Kaget Pipit mendengar penuturanku barusan. Pasti dia heran darimana aku tau semua itu. Aku berpesan kepadanya untuk hanya menyampaikan ini pada suaminya nanti kalau mereka sudah tinggal berdua saja. Dan satu pesan terakhirku, “Kalau gak takut dosa… Ada jalan untuk masalahmu, Pit…” kuberikan secarik kertas padanya.

Bersamaan, mobil Imran merapat untuk menjemput kami dan beranjak pulang ke Mabar. Lewat tol biar cepat.

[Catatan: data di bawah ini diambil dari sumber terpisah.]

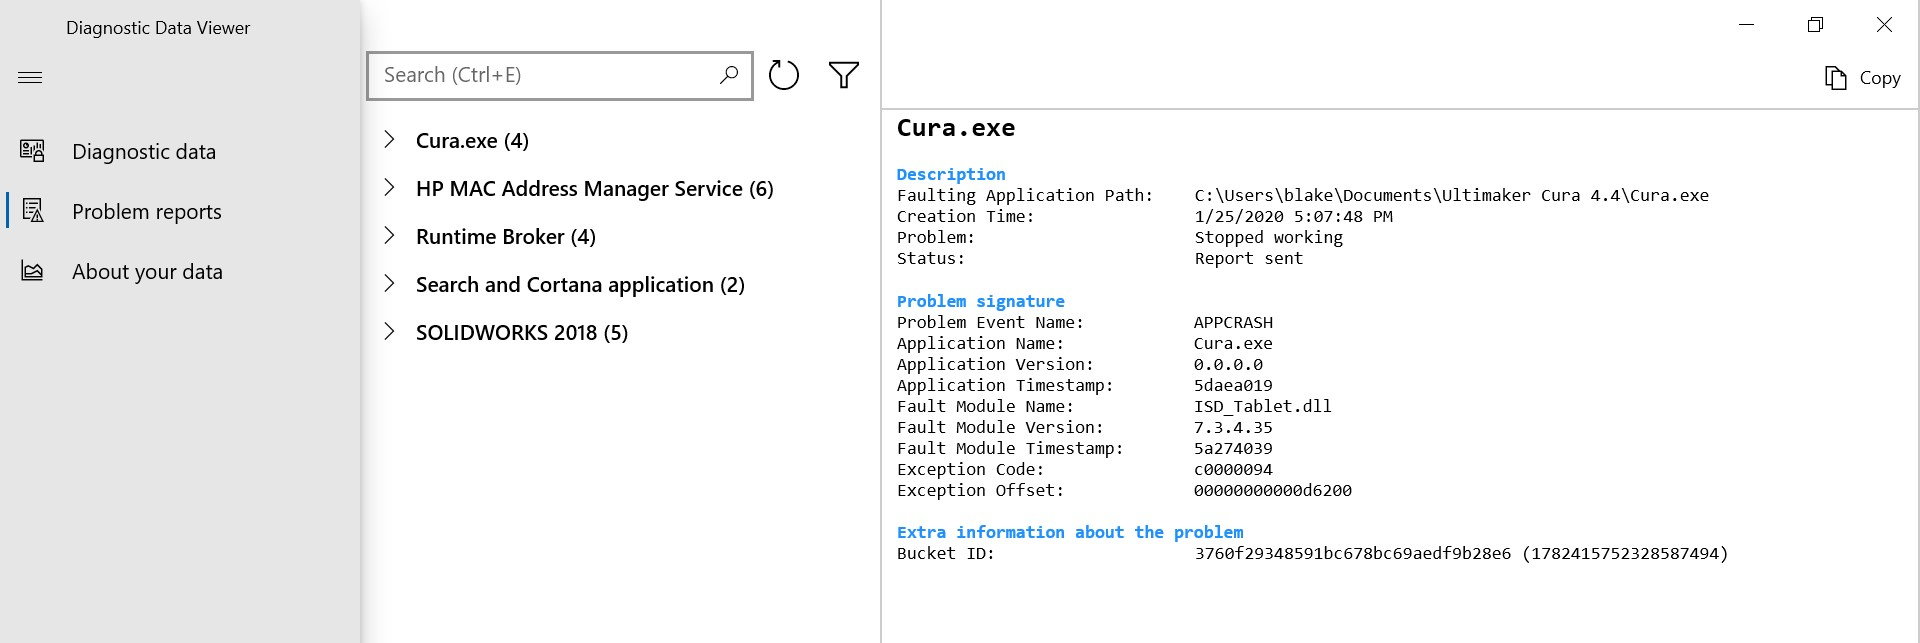 Cura 4.4.1 Crash on Launch 73c60581-3f35-44fe-b983-681ca29f35aa?upload=true.jpg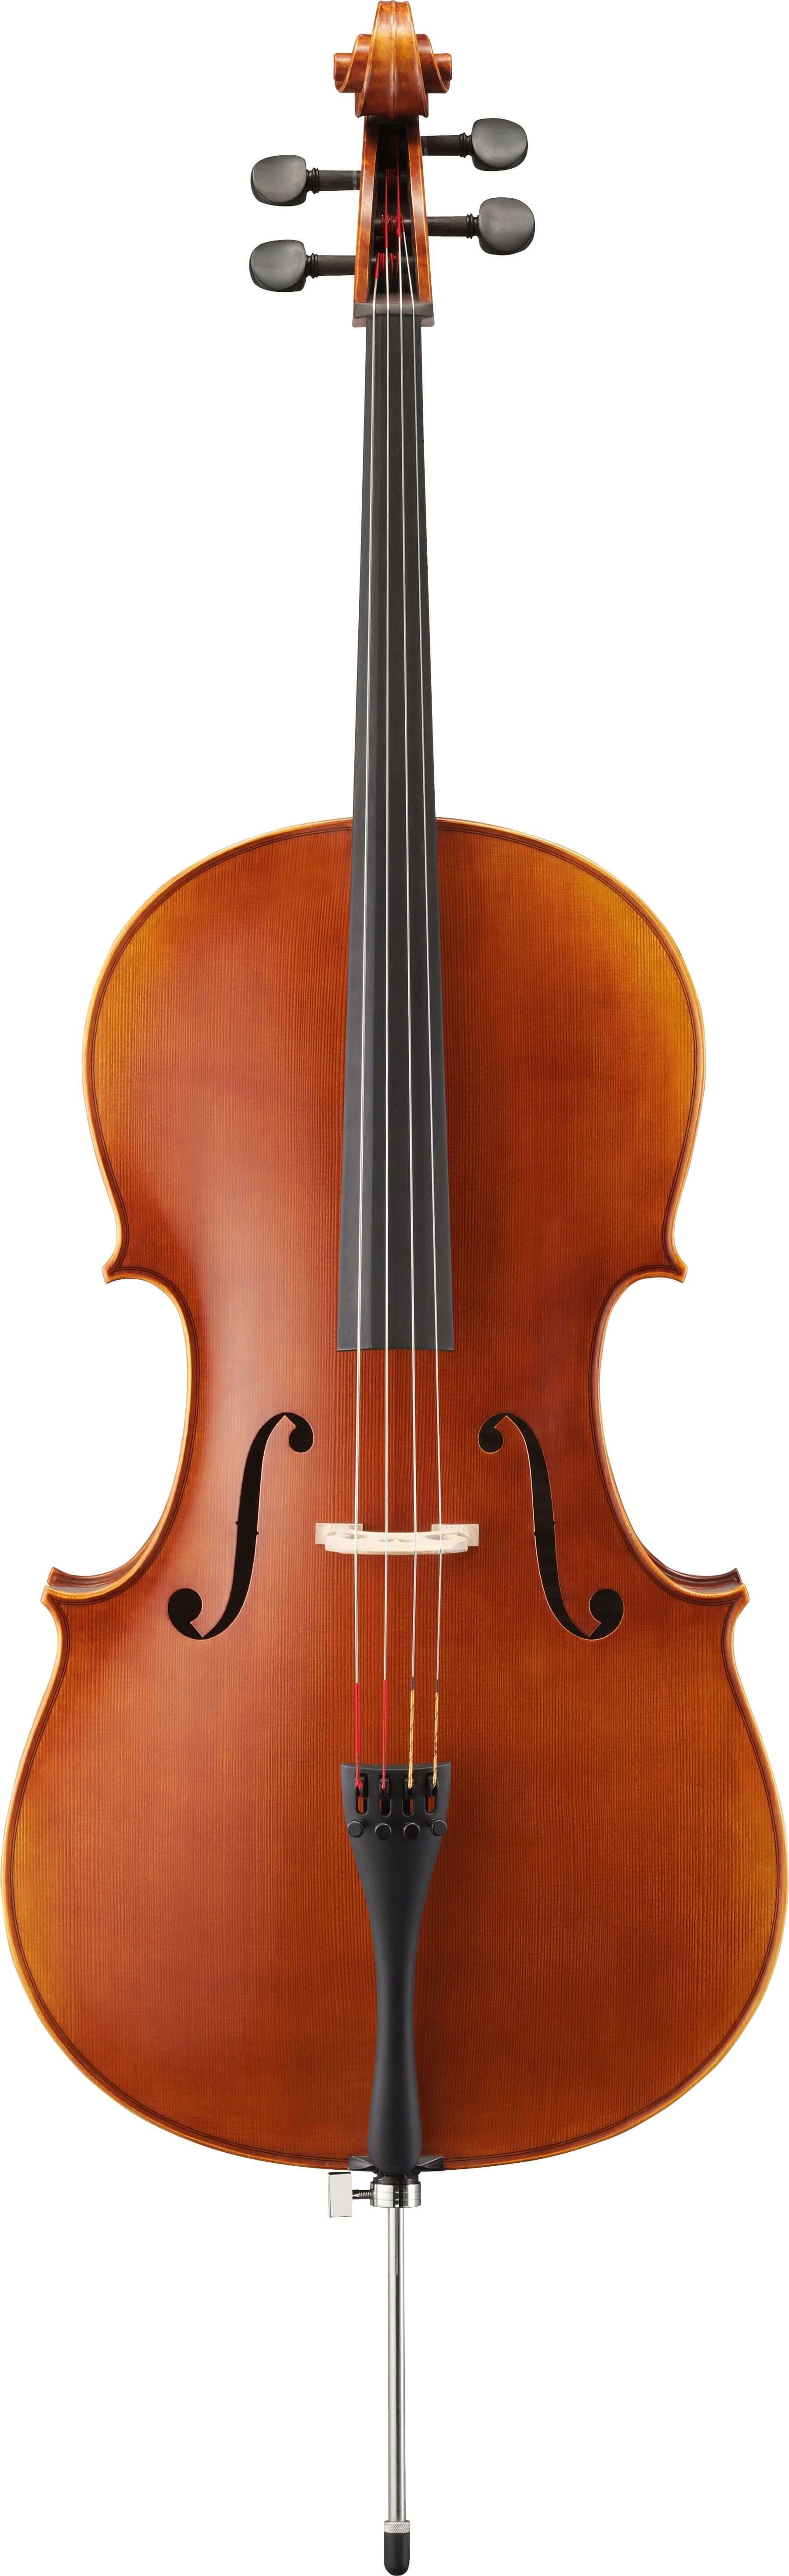 Violoncello Yamaha VC20G 4/4

Keesokan harinya, kelima ekor burung itu sudah kembali berkicau seperti biasa di kandangnya. Yah benar. Semua sudah kembali. Hebat, kan?

Ppt: Makasih ya bg Aseng

Aseng: Sm-sm pit cm nolong aj

Benar lagi. Kertas yang kuberi pada Pipit itu pin BB-ku untuk menghubungiku kalau perlu arahan lebih lanjut. Dan benar saja tengah malam ia nge-ping BB-ku. Ternyata-eh-ternyata, setelah sampai di rumah, Pipit cerita pada suaminya kalau ia dapat penerawangan entah dari mana kalau ia tau siapa pelaku maling burung itu sebenarnya. Langsung mereka mendatangi rumah anak pak Jumadi yang kelang dua gang dari sini. Dari luar rumah saja sudah terdengar suara burung sahut bersahut bising yang dikenali Imran sebagai burung piaraannya. Dengan tanpa membuat keributan, mereka bertamu ke rumah yang memang pecinta burung itu dan mengklain semua burung yang sudah dimaling itu. Gak bisa berkutik dan bermaksud damai, burung-burung itu kembali berpindah tangan ke pemilik aslinya. Kasus selesai.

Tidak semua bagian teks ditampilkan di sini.